- Exercise brief: Every line of the records below from the line with "jars of roasted" up to and including the line with "Welcome Balloon - Yellow" must be reproduced exactly, and no line outside that range.

- Supplied data:
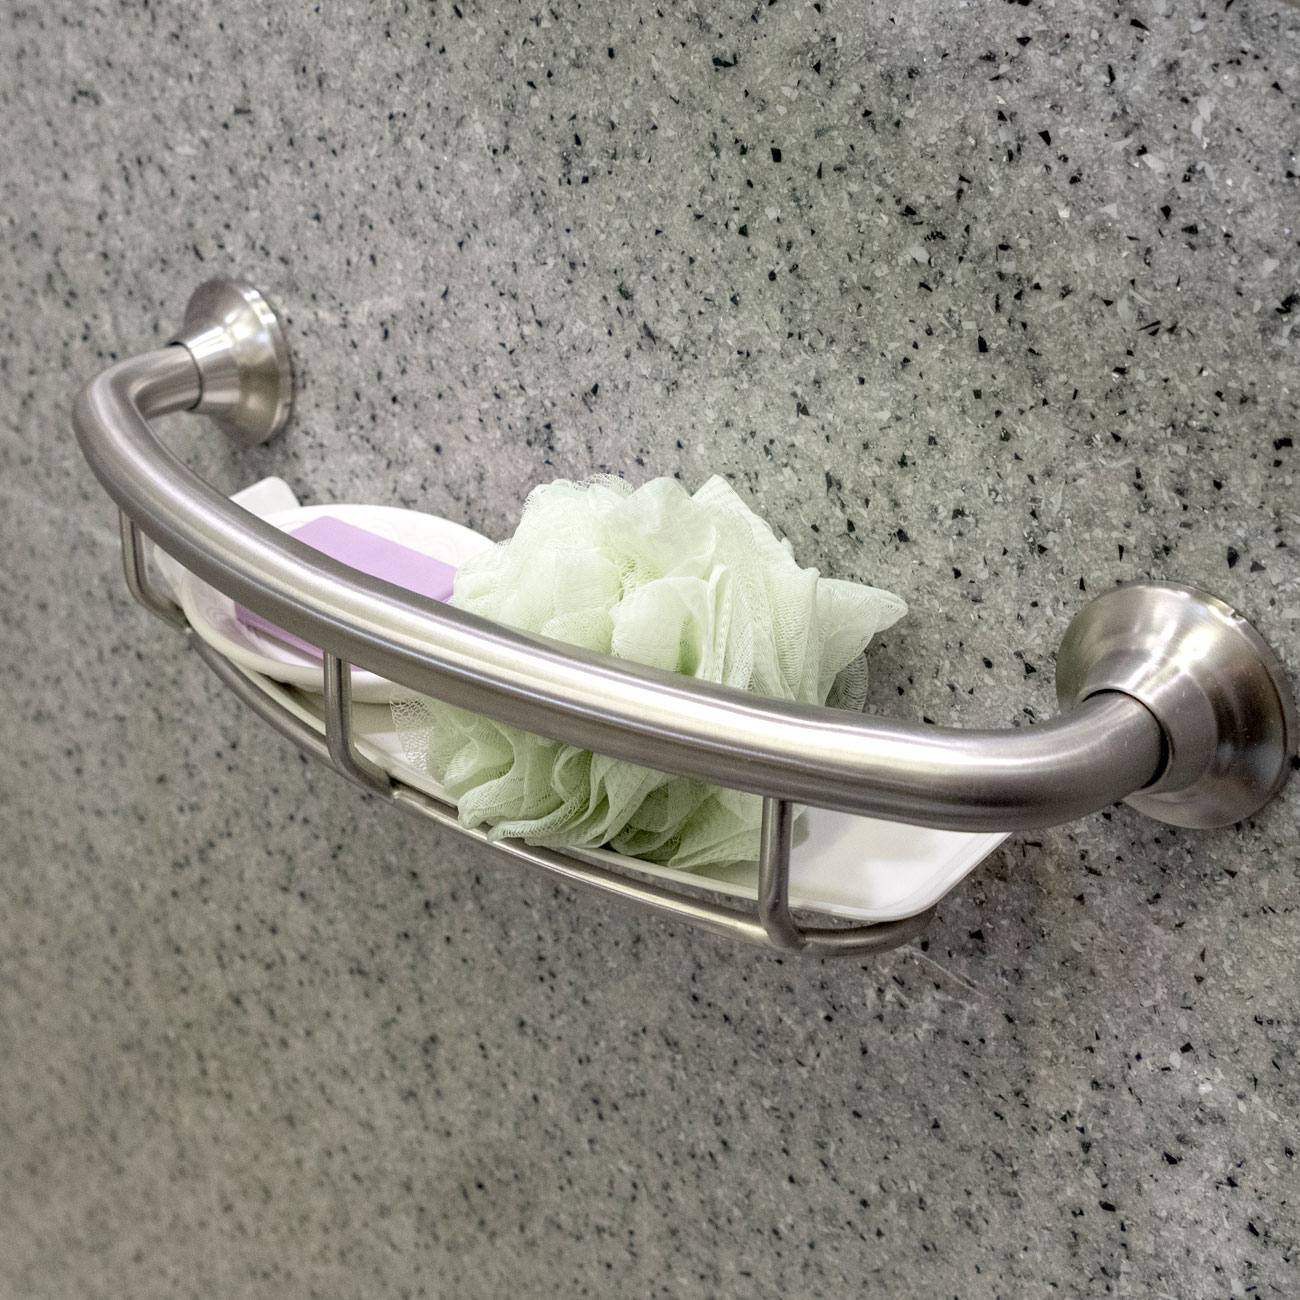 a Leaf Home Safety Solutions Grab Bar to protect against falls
--
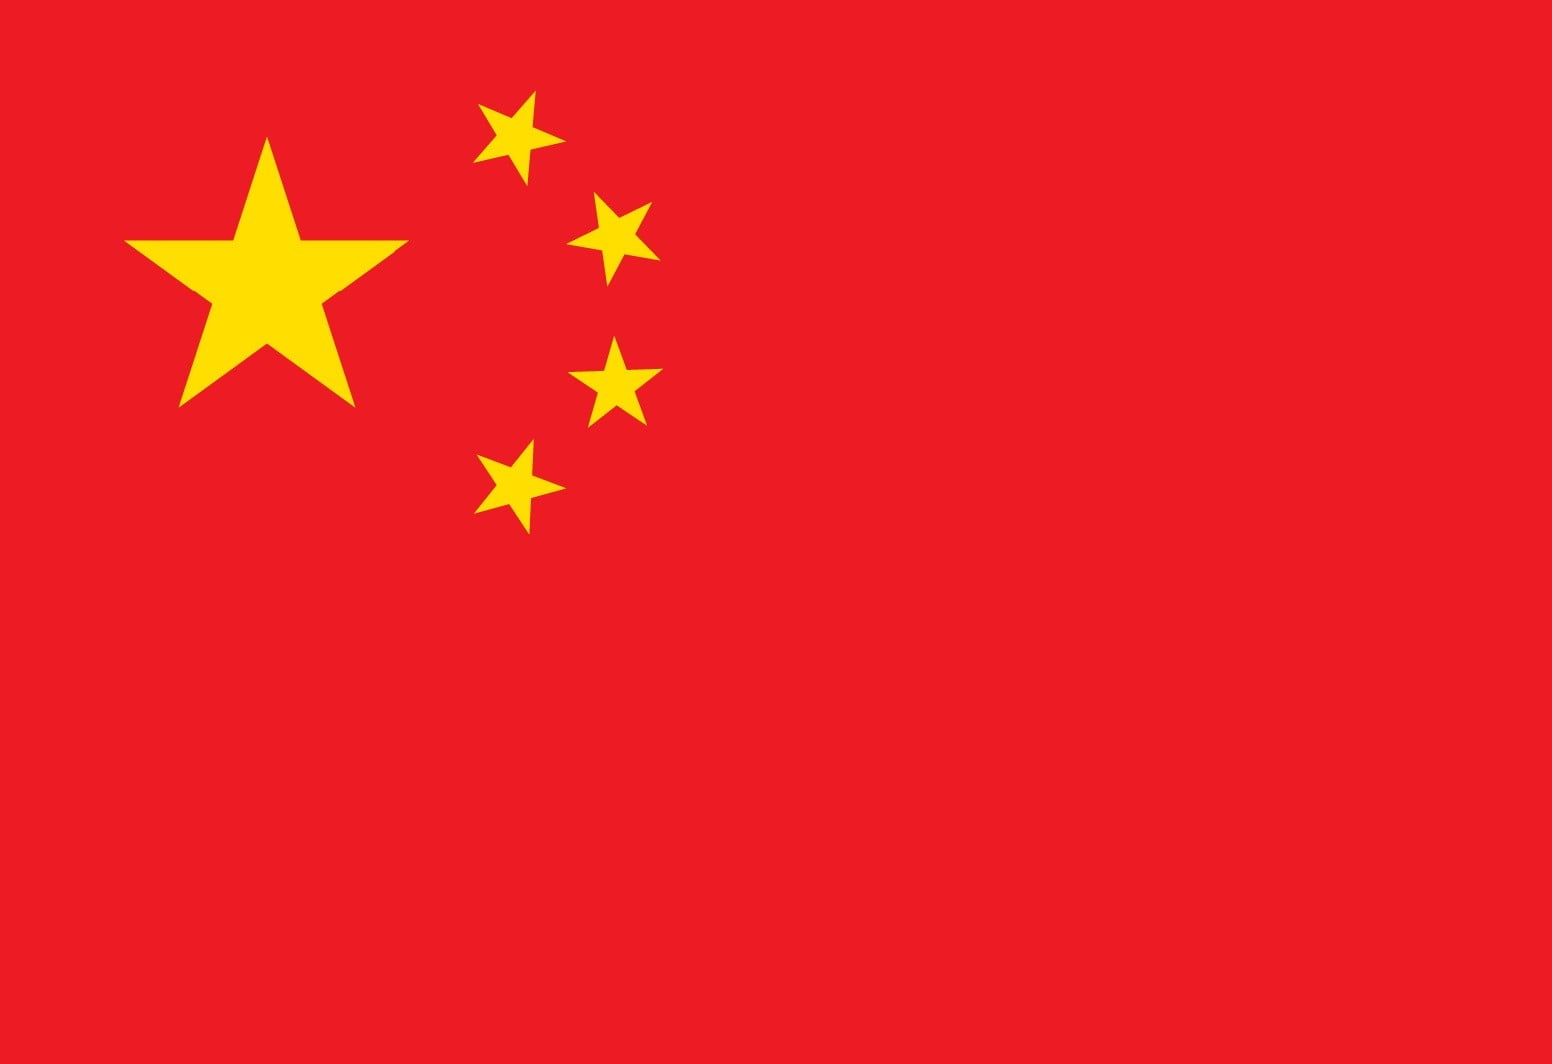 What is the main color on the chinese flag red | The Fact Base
---
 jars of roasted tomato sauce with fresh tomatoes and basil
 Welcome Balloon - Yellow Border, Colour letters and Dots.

- Completed task:
 jars of roasted tomato sauce with fresh tomatoes and basil
 Welcome Balloon - Yellow Border, Colour letters and Dots.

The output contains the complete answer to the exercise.